Hello again fam and friends -

I took a week off from COVID-19 posts but I’m back today. I want to do a little recap to catch us up to where we are right now and then I want to talk a little bit about where we probably should be right now.

First off, to be honest, I have no idea where to start. My first post (https://www.facebook.com/Jason.Rod/posts/10157043200357643) was about not panicking, but about how quarantine shouldn’t be equated with panicking. Since then I’ve seen a lot of folks stay home, take care of their community, take care of their neighbors, and take care of themselves. It’s been great to watch.

My second post (https://www.facebook.com/Jason.Rod/posts/10157048106292643) was about the mathematics of pandemics - about the importance of keeping the infectious people away from the susceptible people in the absence of vaccines or strong therapeutics.

My third post (https://www.facebook.com/Jason.Rod/posts/10157050713622643) was about crisis standards of care, and what happens when you start to tax critical resources. I talked about ventilators and how important they’d be during this pandemic. That wasn’t a thought that was new or novel - we (the disaster planning community) knew ventilators would be a chokepoint for a very long time. It’s why they’re in the Strategic National Stockpile.

Maybe I’ll extrapolate on this a little bit, because it’s non-intuitive to understand the importance of ventilators. Let’s say you have a severe infection and your lungs just start to fill-up with gunk. You’re essentially drowning; you’re not pulling in enough oxygen to keep your basic functions operating. The ventilators don’t cure you, they buy you time. They supply oxygen to your body so that your immune system can have the necessary time to attack the virus. They give you the time to not just fight the virus, but to heal your lungs. The ventilator does a very important job; one that cannot be turned off during your treatment which could last weeks in the case of COVID-19.

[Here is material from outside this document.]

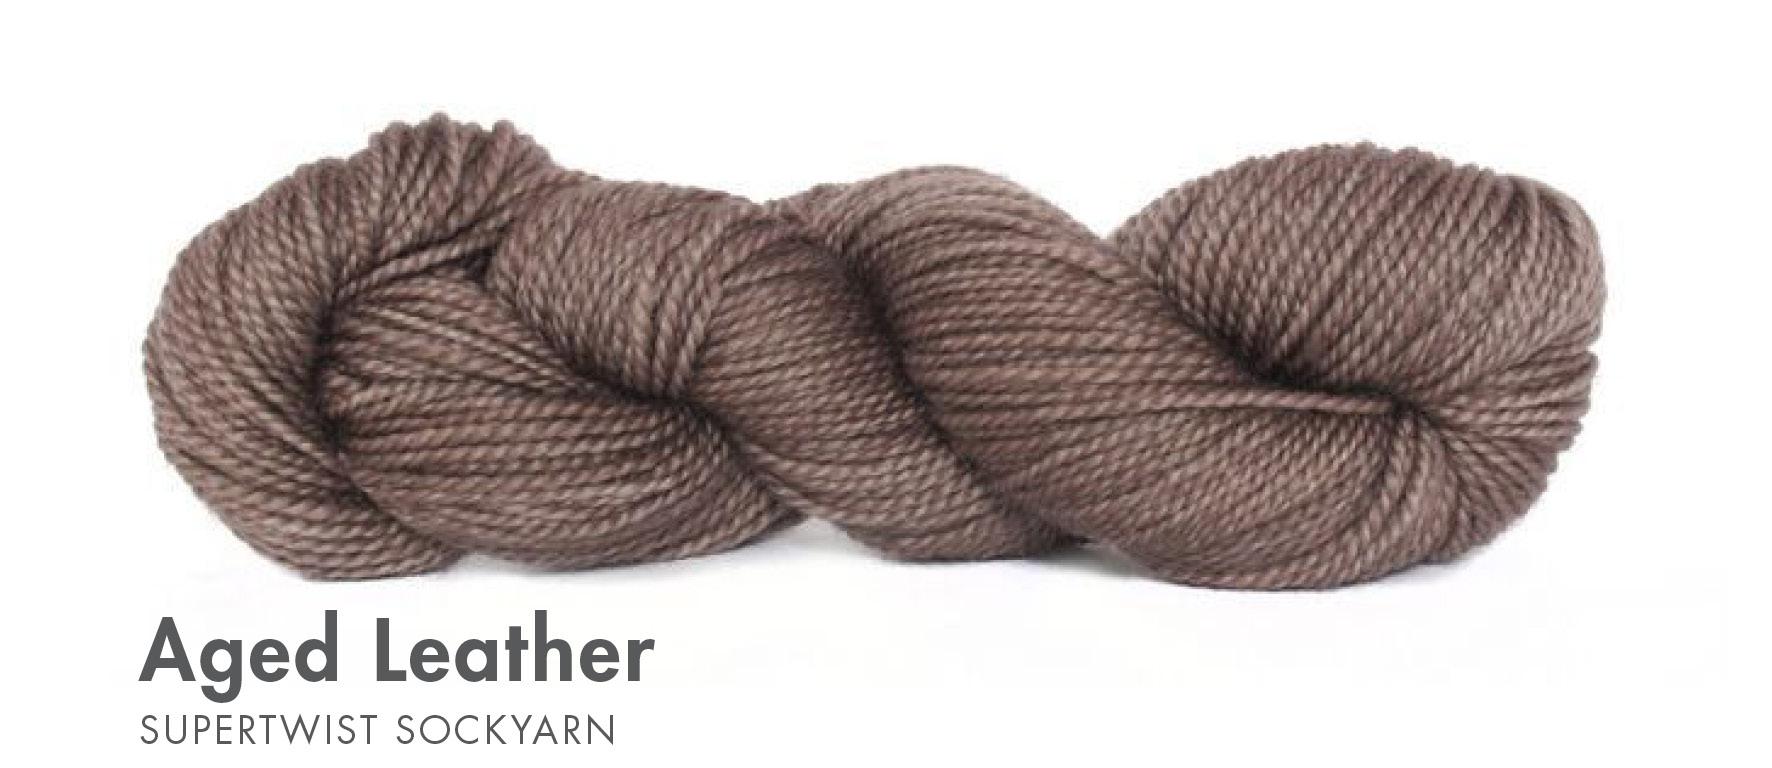 NF Sock Aged Leather.jpg

The problem becomes untenable when you have too many severe infections. Let’s say you start with a single severe infection and you put them on a ventilator. The next day you have two more severe infections. Now you need three ventilators. The next day you have five more serious infections, now you need eight ventilators. Eventually, that first person will come off the ventilator, but at that point you’ll have a hundred or so people on ventilators. Those hundred people will eventually come off the ventilator, but at that point you’ll have several thousand people on ventilators. The longer a patient needs to be on a ventilator, the more total ventilators you will need. And as cases increase exponentially, ventilator needs increase at an even faster rate, because the folks from last week still need their ventilator.

That’s how you get into crisis standards of care, during which doctors need to start their day by assessing how many ventilators they have, how many patients they have, and which patients have the best shot at a full life after treatment. That’s when you start to unhook the elderly. That’s when you start to unhook the folks with preexisting conditions. And they’re doing that because some 20, 30, or 40 year-old person thought they wouldn’t get sick but now needs a ventilator. It is a terrible decision for a doctor to have to make. That was the crux of my fourth post (https://www.facebook.com/Jason.Rod/posts/10157065548457643), when I talked about how case fatality rate is highly dependent on the level of care you can give people.

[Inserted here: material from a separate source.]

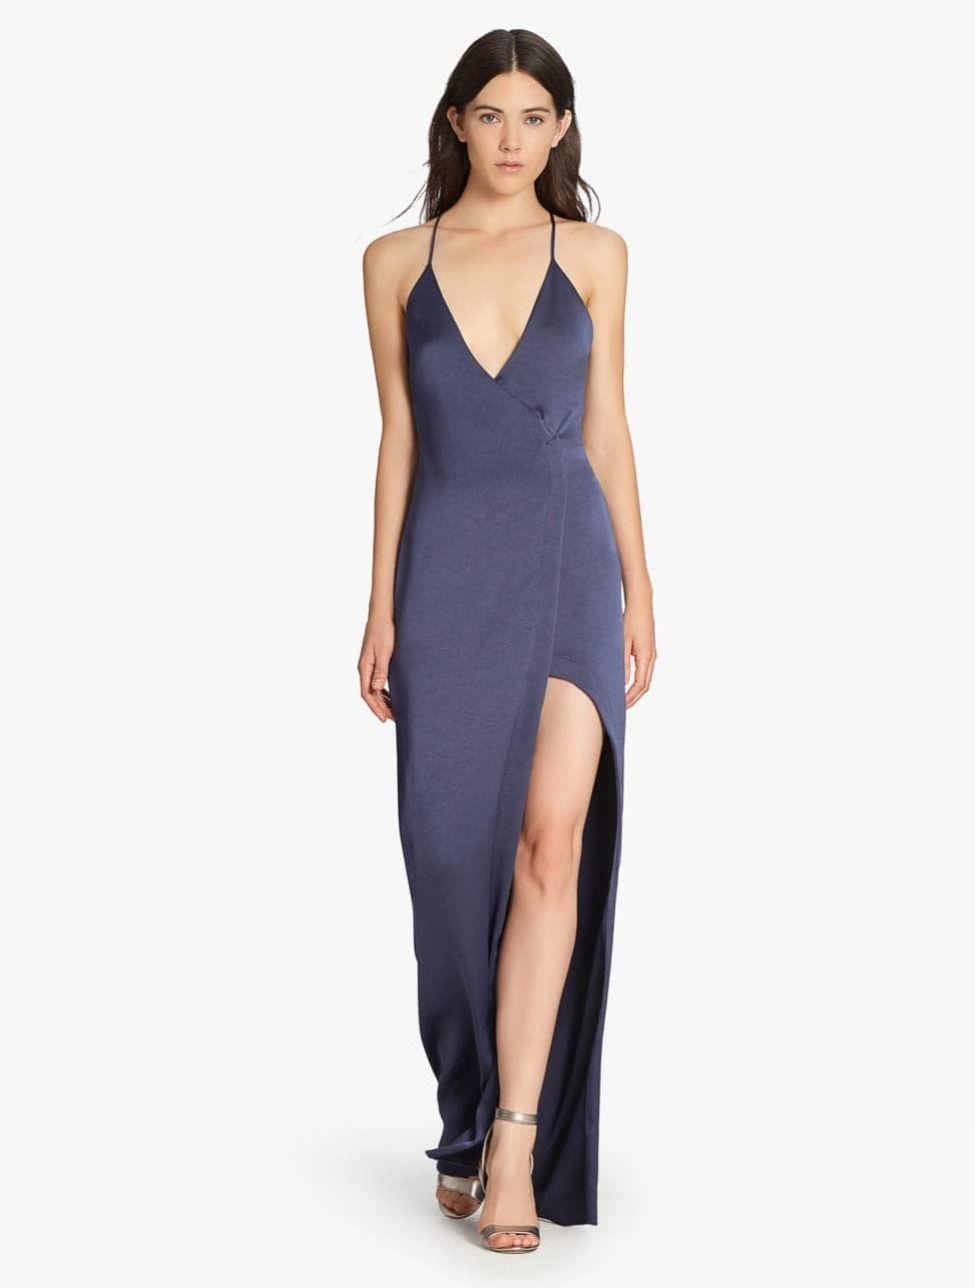 Satin Slip Gown   Bridesmaids   Pinterest   Satin slip, Gowns and Satin

None of these things are new concepts. They pre-date me, and I’ve been working in this field for 15 years. My mentor laid it out for me in a way that I still like to talk about it. He’s been doing this type of work since the early 90s, following in the footsteps of his mentor who had been working in this field since the early 80s. His version of the history of disaster planning goes something like this:

Back during the Cold War, the disaster was always a large exchange of nuclear weapons. Planning was always based on, first of all, how do we get our weapons fired off first and how much loss will we suffer if we don’t. The idea of treating people, of doing anything outside of rounding up the folks who sheltered when the bombs dropped, was inconceivable.

But then the Cold War ended, and the question that was left was, “Can we survive one nuke?” In this case, the “we” was the US military and the answer was, “Yeah...and we can probably continue the fight.” Eventually that question got extrapolated to chemical munitions and biological attacks. In the late-90s the questions shifted even more. It now became, “Ok, we’ll survive and we’ll fight on...but can we also treat the injured?” And the answer there was also yes, and models and tools were developed to figure out how to treat the injured - how much stuff was needed, when was it needed, etc. In some scenarios, blood would be the bottleneck. In some it would be antibiotics. In many of these scenarios, ventilators became a bottleneck, particularly if you didn’t act quick enough.

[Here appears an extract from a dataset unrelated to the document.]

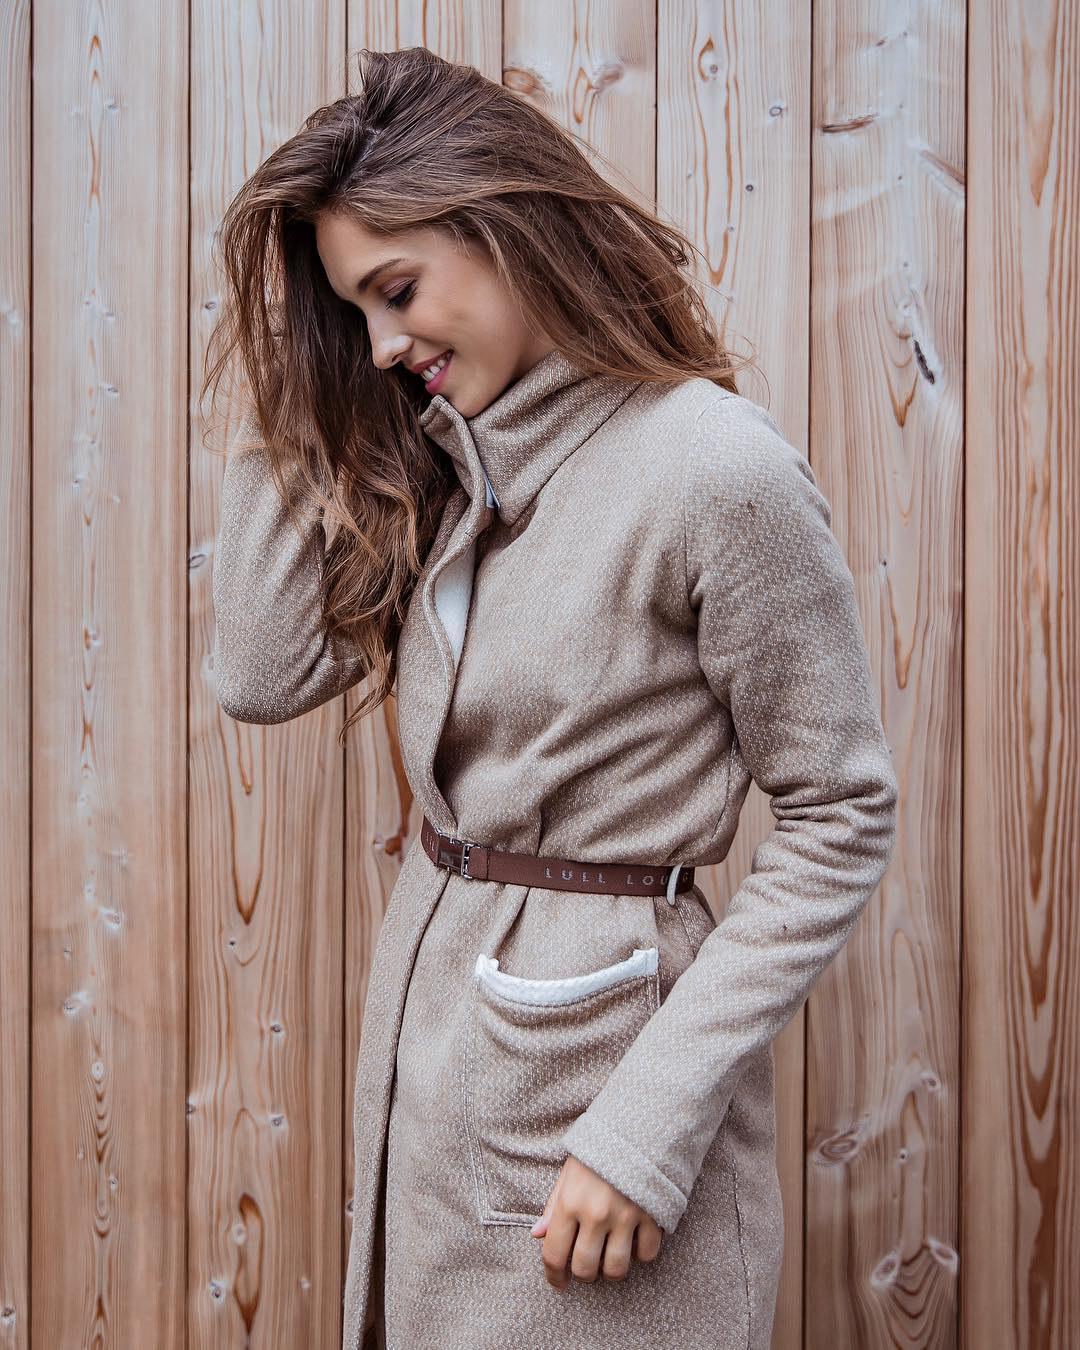 Model Rita

Then 9/11 happened, and the question became, “Can an American city survive one nuke, chemical attack, or biological attack.” The biological attack had a counterpart- a major pandemic- I first entered this field around the same time people started becoming very interested in the pandemic question.

You see, with a nuke...the impact happens in one spot. There would be many injuries and deaths but, to be honest, probably not as many as you’re thinking right now. But the medical need is eventually over - more patients will show up in the weeks and months after the blast, but eventually that will taper off. You move all of the support pieces to that one area, you do the best you can over a several month period, and then you focus on rebuilding.

But with a pandemic, everything gets stressed. If you do nothing, you ultimately end up losing more people than you would with a nuke, but spread out over the entire country. You lose millions of people in the wide-open spaces of rural America, and the cities have too many people to account for.

So unlike the nuke, the chemical weapon, and the biological release, the answer to whether or not we can survive and treat people during a pandemic has always been, “Yes...if.”

And the “if” was always about messaging. It was always about rapid response, containment, testing, closing schools, social distancing. It was always about a strong federal response. It was always about cooperation with the states. That is the “if.”

I think we got to where we are pretty late, but I also think that many local and state governments are doing a good job of catching up. April is going to be bad. May will be worse if we become lax, or if other states and localities continue to not take this seriously enough. This is a once-in-living-memory event. Everyone alive right now, across the entire globe, will be talking about the spring of 2020 for the rest of their lives. It will shape our politics, our societies, and our economies for decades. In American History it will be one of the big three events alongside the Revolution and the Civil War.

And that’s even IF we continue to do the right thing in April.

Pandemics, as mentioned, are, “We can handle this...if.”

Love you all. Stay safe. Take care of your neighbors and take care of yourself.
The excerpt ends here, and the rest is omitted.